The whole listing below must be printed again exactly, images excluded.

GIVEN MATERIAL: Begin

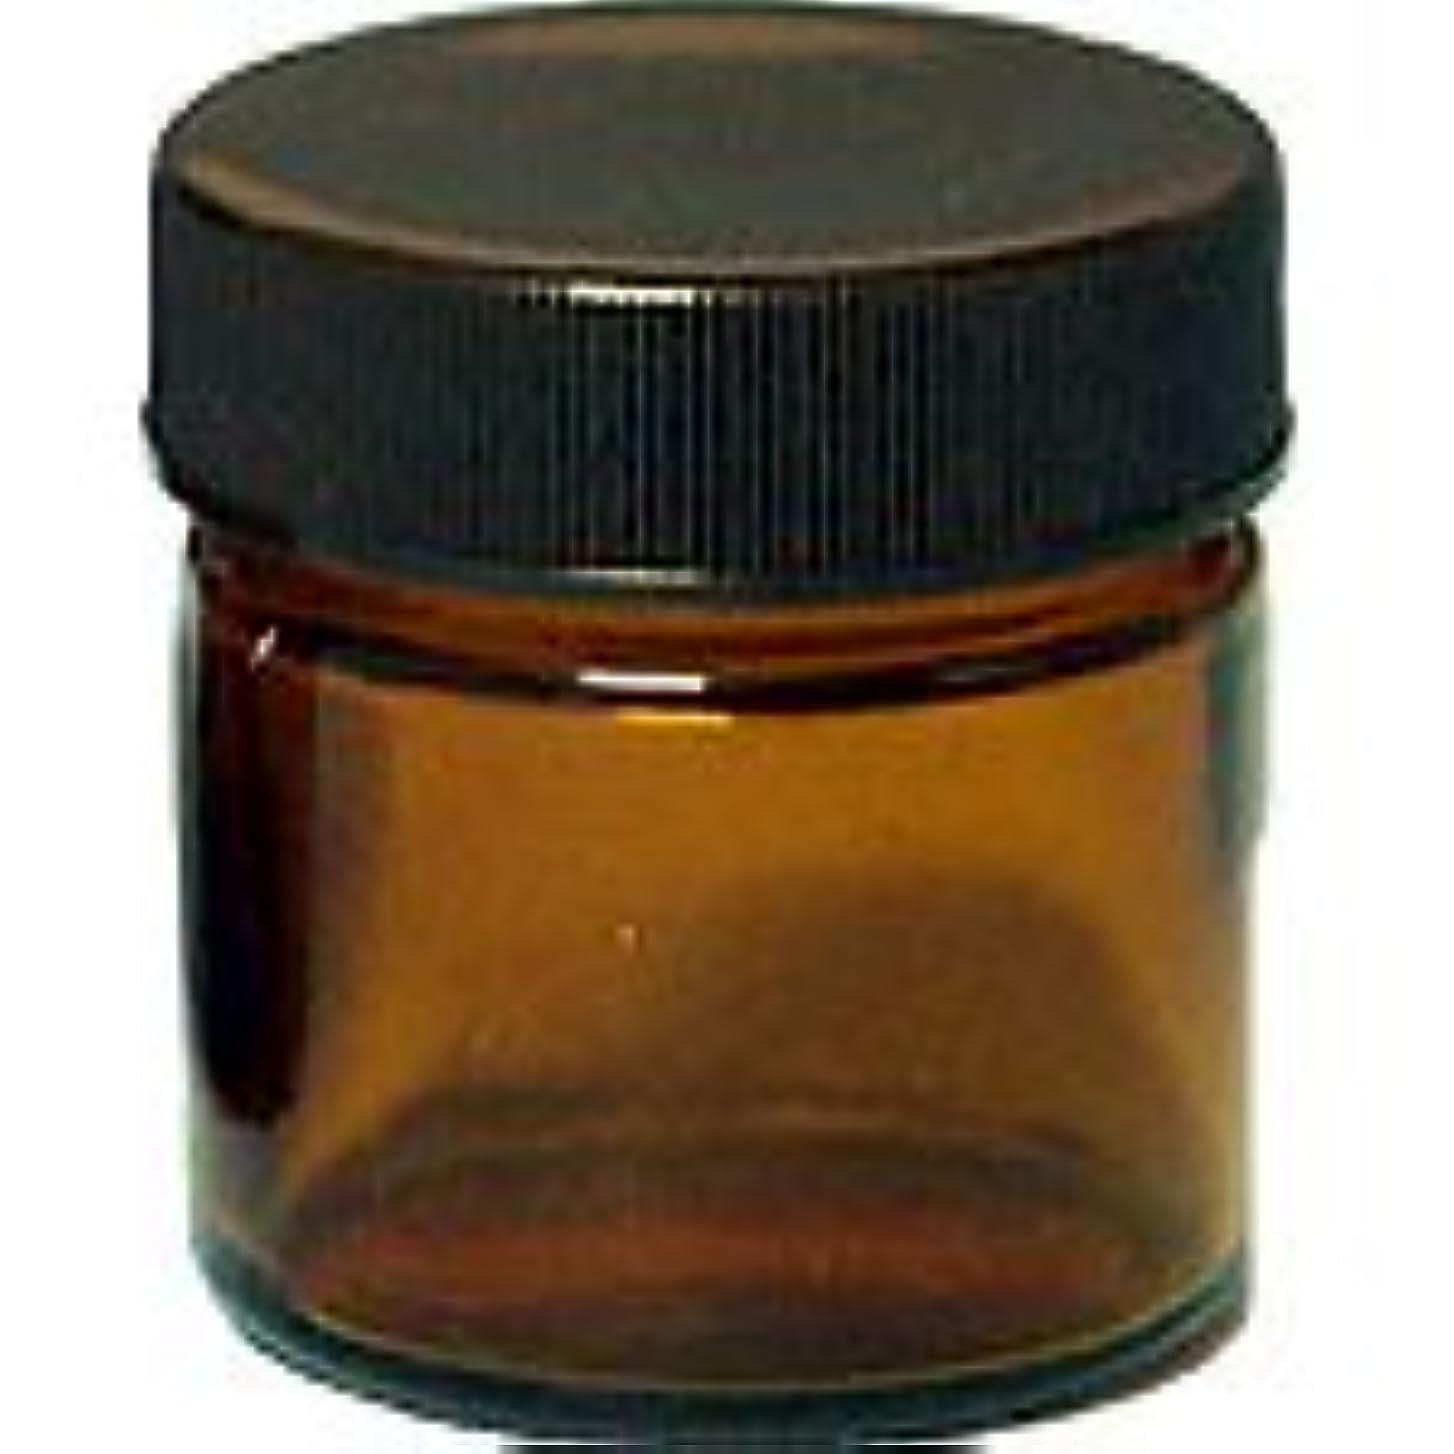 オプショナル主婦ミトン容器 茶色遮光ガラスクリーム容器 25mL×2個セット
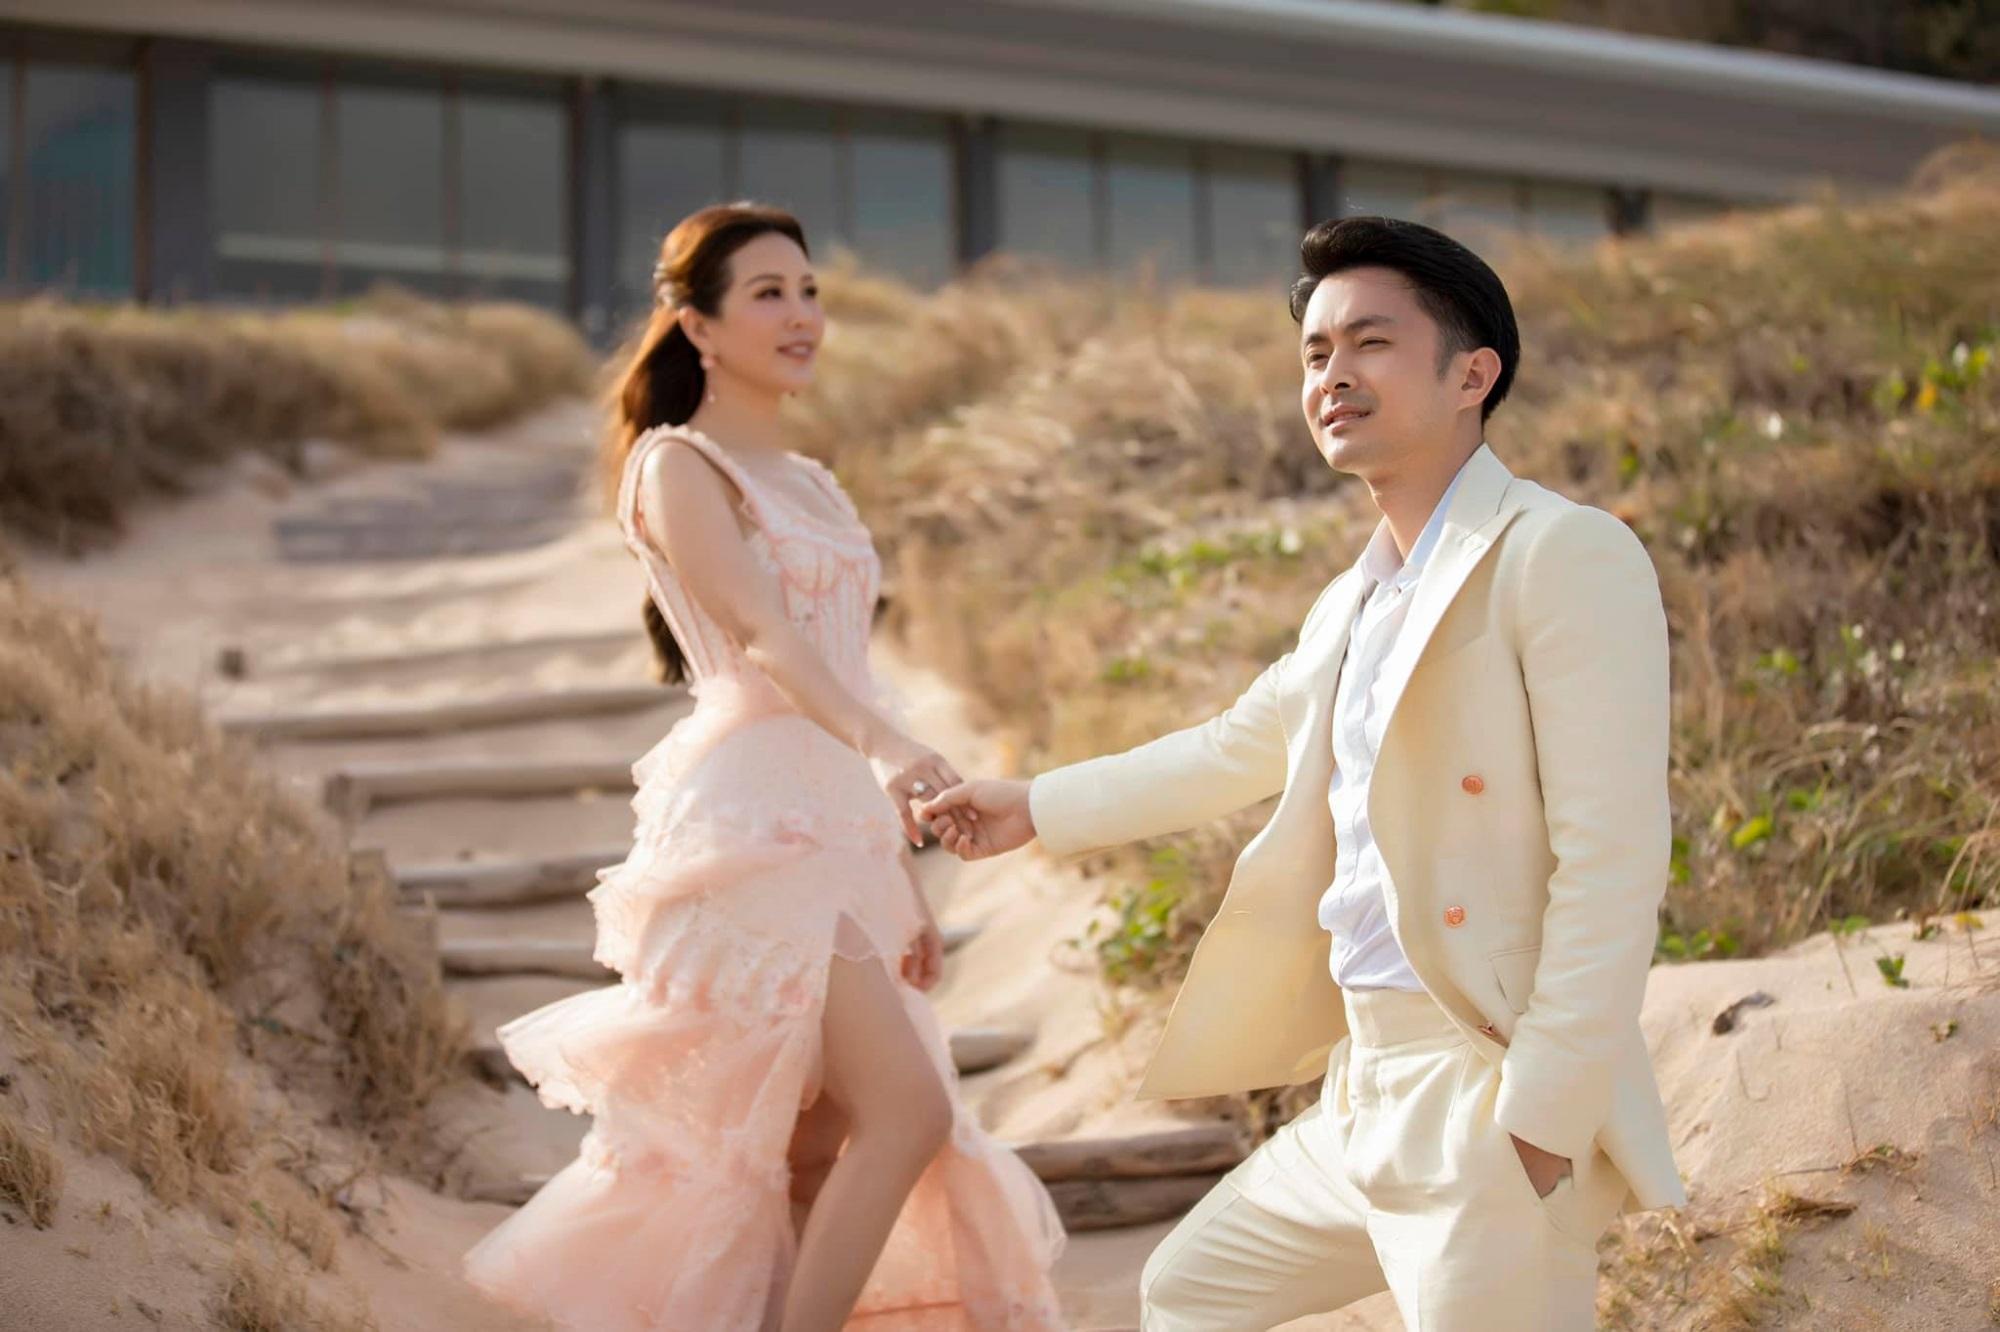 Hôn nhân tan vỡ, mỹ nhân Việt nên duyên cùng tình trẻ: Người được cưng chiều hết nấc, người kết hôn cùng 'phi công' kém 10 tuổi  - Ảnh 9
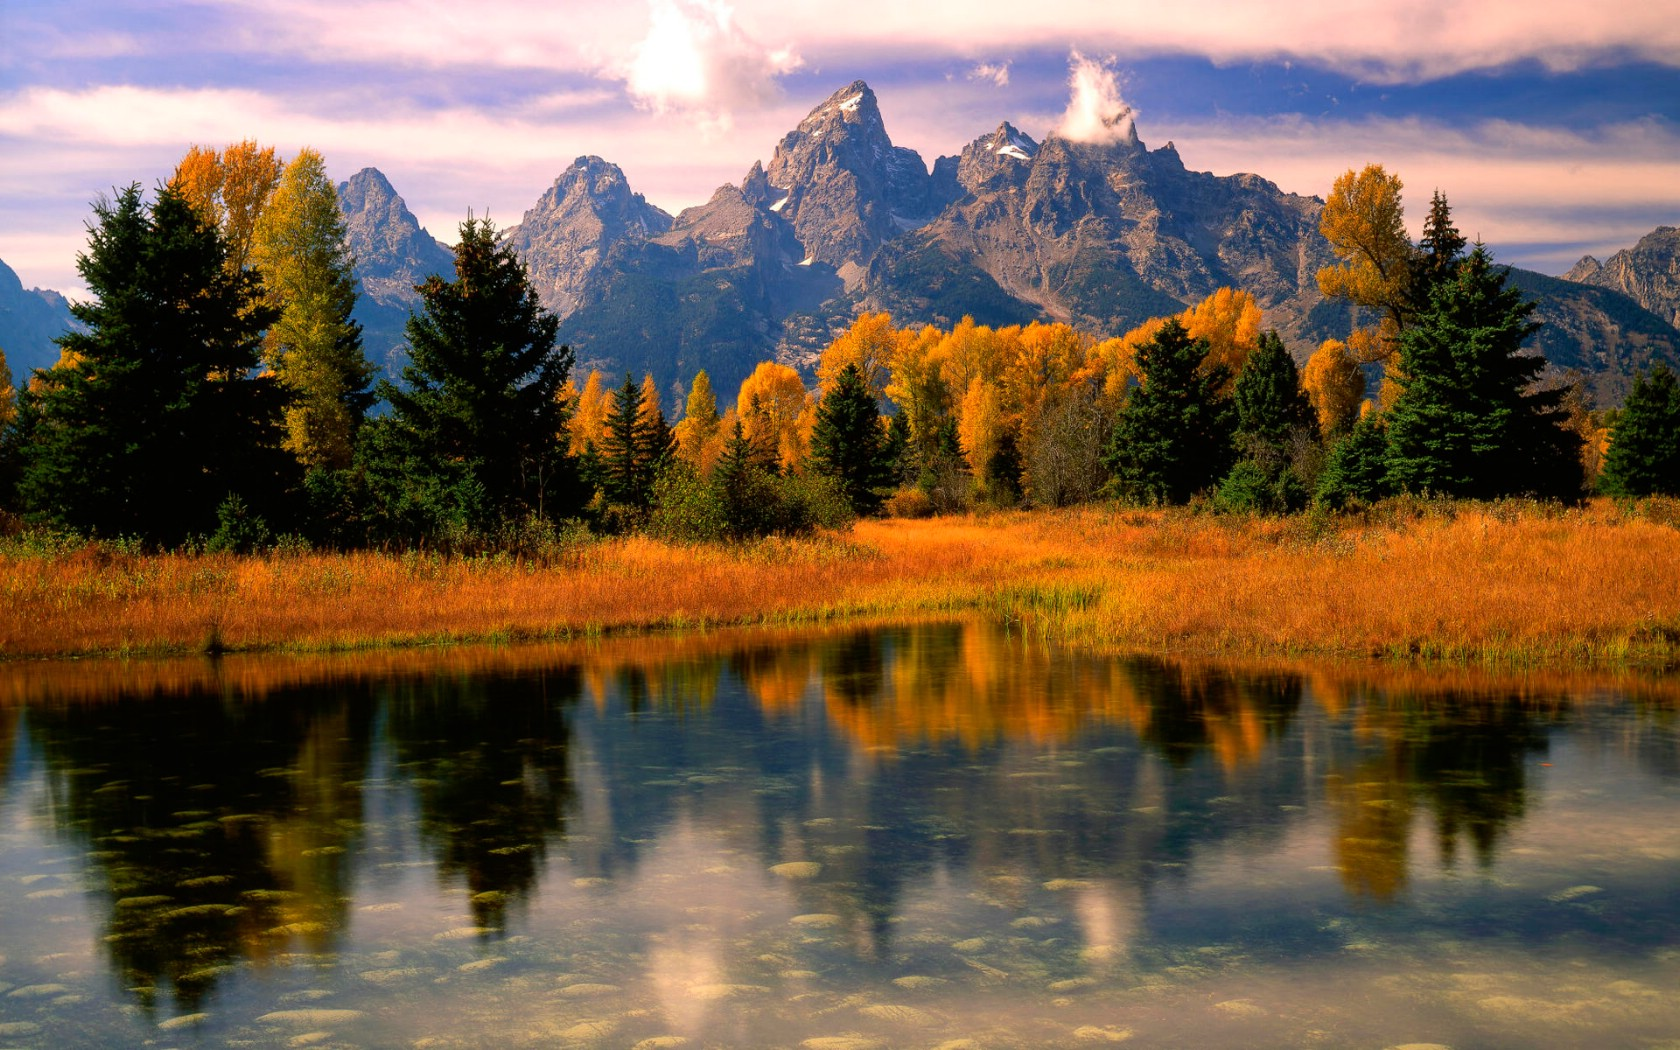 ... 山水风景壁纸壁纸图片-风景壁纸-风景图片素材-桌面

GIVEN MATERIAL: End

SOLUTION BELOW.
 オプショナル主婦ミトン容器 茶色遮光ガラスクリーム容器 25mL×2個セット
 Hôn nhân tan vỡ, mỹ nhân Việt nên duyên cùng tình trẻ: Người được cưng chiều hết nấc, người kết hôn cùng 'phi công' kém 10 tuổi  - Ảnh 9
 ... 山水风景壁纸壁纸图片-风景壁纸-风景图片素材-桌面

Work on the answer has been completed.